During NATO’s 1999 bombing of Yugoslavia, U.S. missiles killed three Chinese journalists in a strike that the White House later called a mistake and blamed on faulty maps. That event sparked widespread anti-US protests across China and cemented Beijing’s distrust of US-led groups such as the North Atlantic Treaty Organization.

Xi’s visit to Serbia, exactly a quarter of a century after the attack, is part of a three-stage trip that includes stops in France and Hungary. The Chinese leader is trying to convince European nations that his country’s massive economy is too big to abandon, as Brussels launches a series of trade investigations and sides with Washington on concerns about China’s overcapacity and risks for national security.
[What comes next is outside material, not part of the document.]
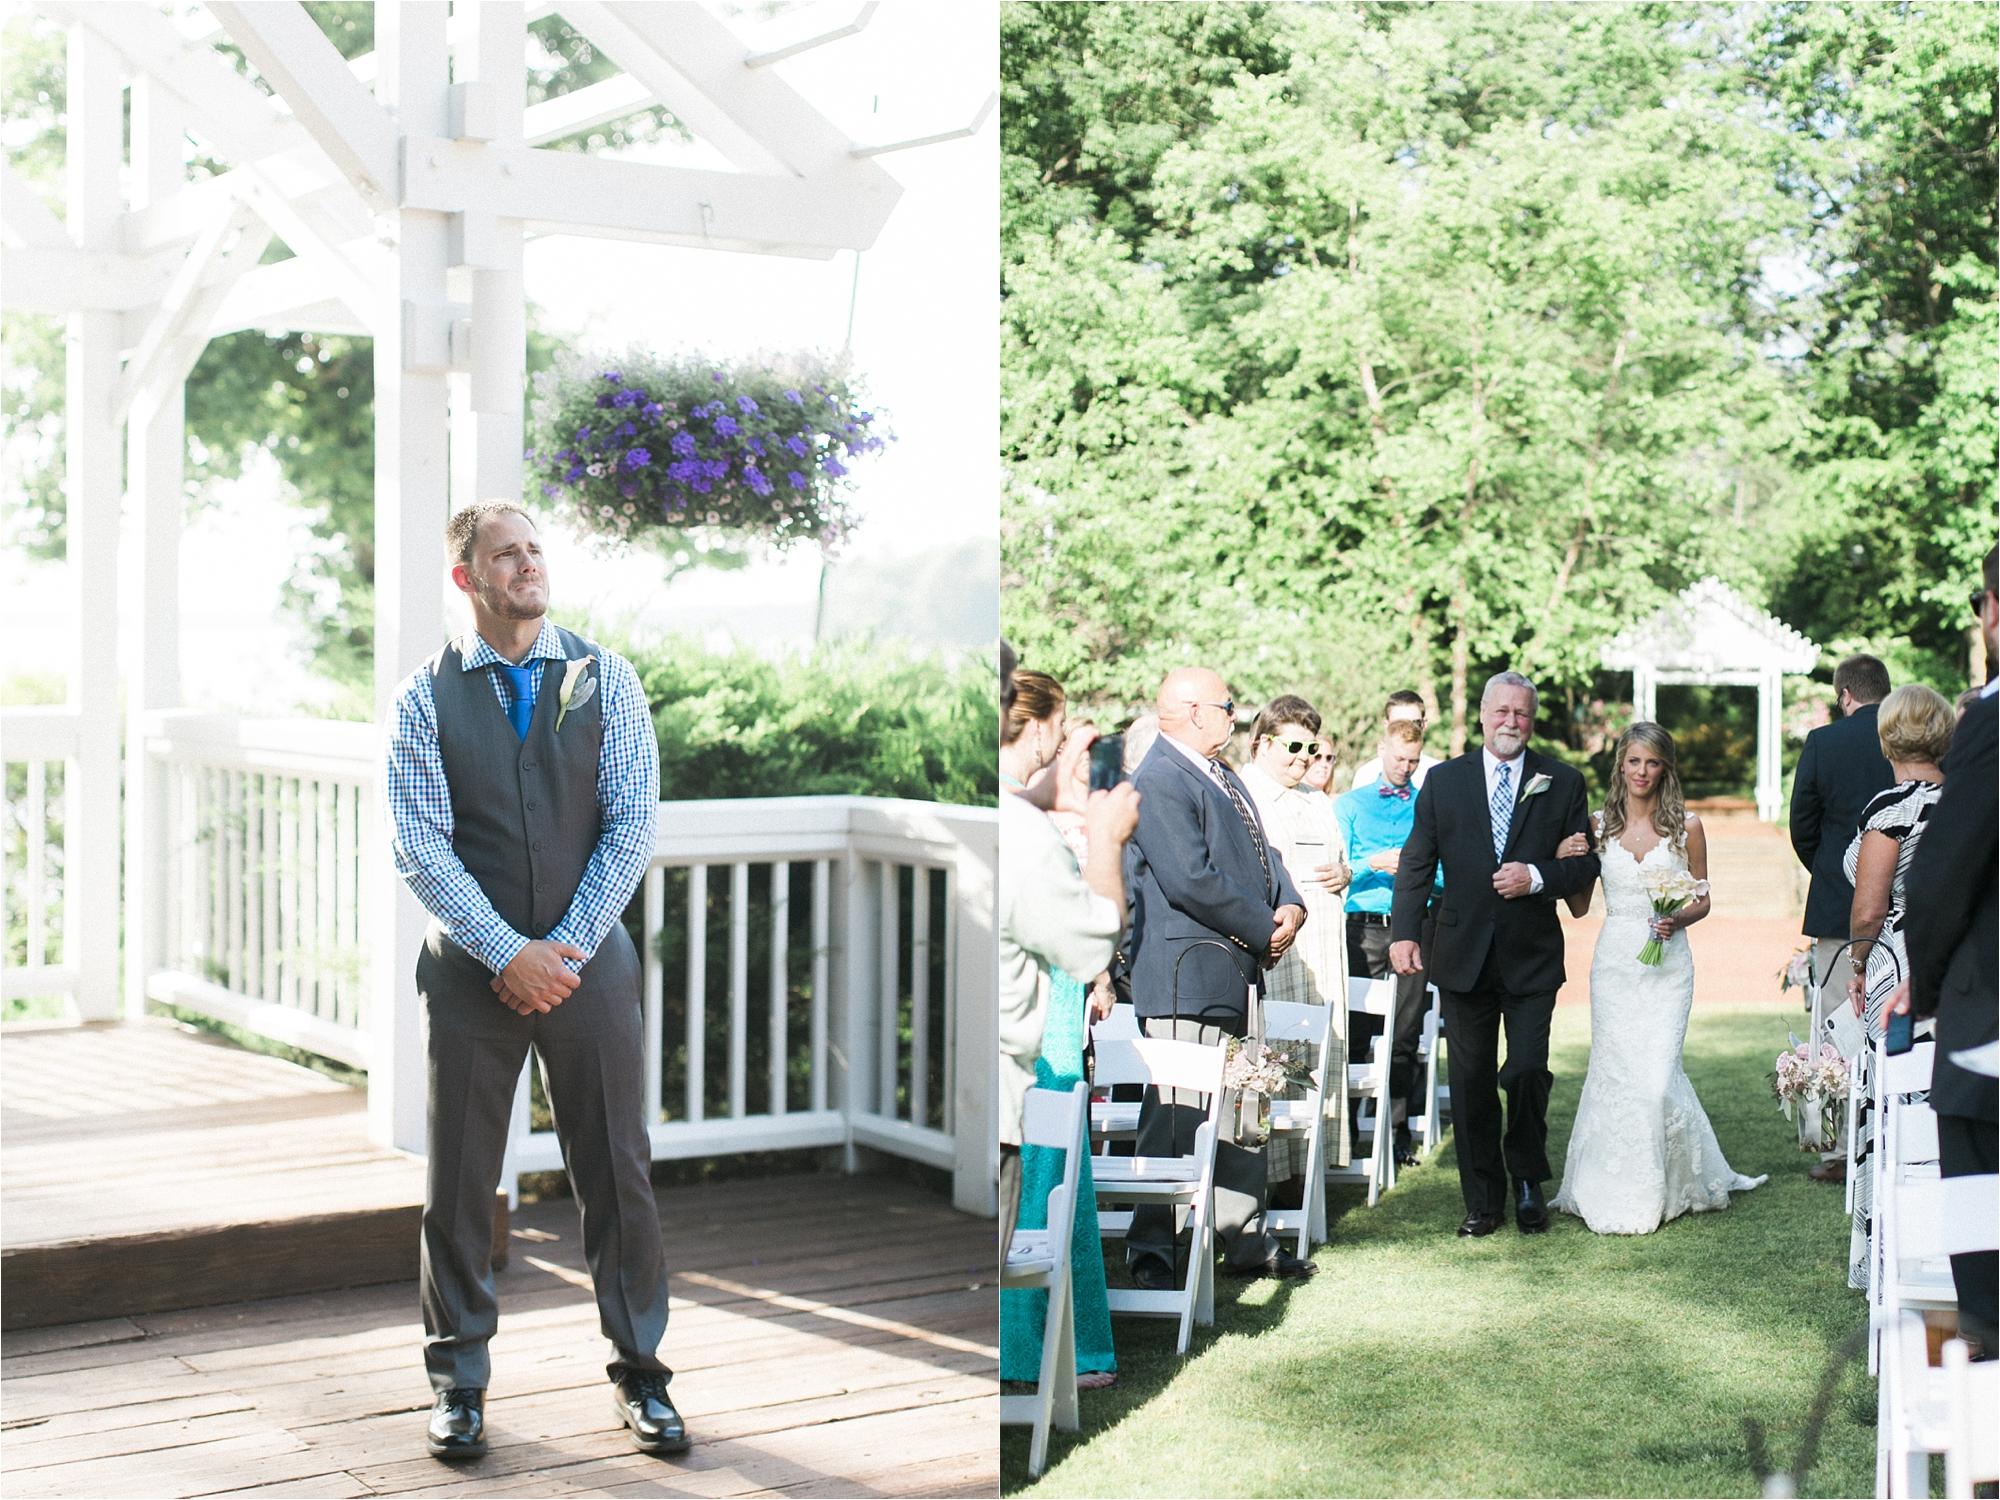 stephanie-yonce-boathouse-sunday-park-virginia-wedding-photo-015.JPG

Adding to the political theater, Xi will be in Europe on the same day that Russian President Vladimir Putin takes office for his fifth term, as concern grows in Western Europe over his war in Ukraine.

Xi’s criticism of NATO helps explain his government’s logic for supporting the Kremlin following its invasion. Chinese officials have repeatedly referred to the bombing of Belgrade in recent years, while Beijing has signaled solidarity with Russia’s position that NATO aggression on its borders necessitated war.

US and European leaders have urged Xi to use his relationship with Putin to end what German Chancellor Olaf Scholz recently called an “insane” war during a trip to Beijing.

Xi told his French counterpart in Paris on Monday that he opposes the war in Ukraine “being used to assign responsibility to a third country, tarnish its image and incite a new Cold War.” President Emmanuel Macron reiterated that there can be no security in Europe without security in Ukraine.

Ties between China and non-EU member Serbia have strengthened under Xi, even as Beijing’s broader relationship with Europe frays over human rights issues and trade disputes.

In the Politika article, Xi wrote that the friendship between Beijing and Belgrade was “forged with the blood of our compatriots” but would only “grow tall and robust.”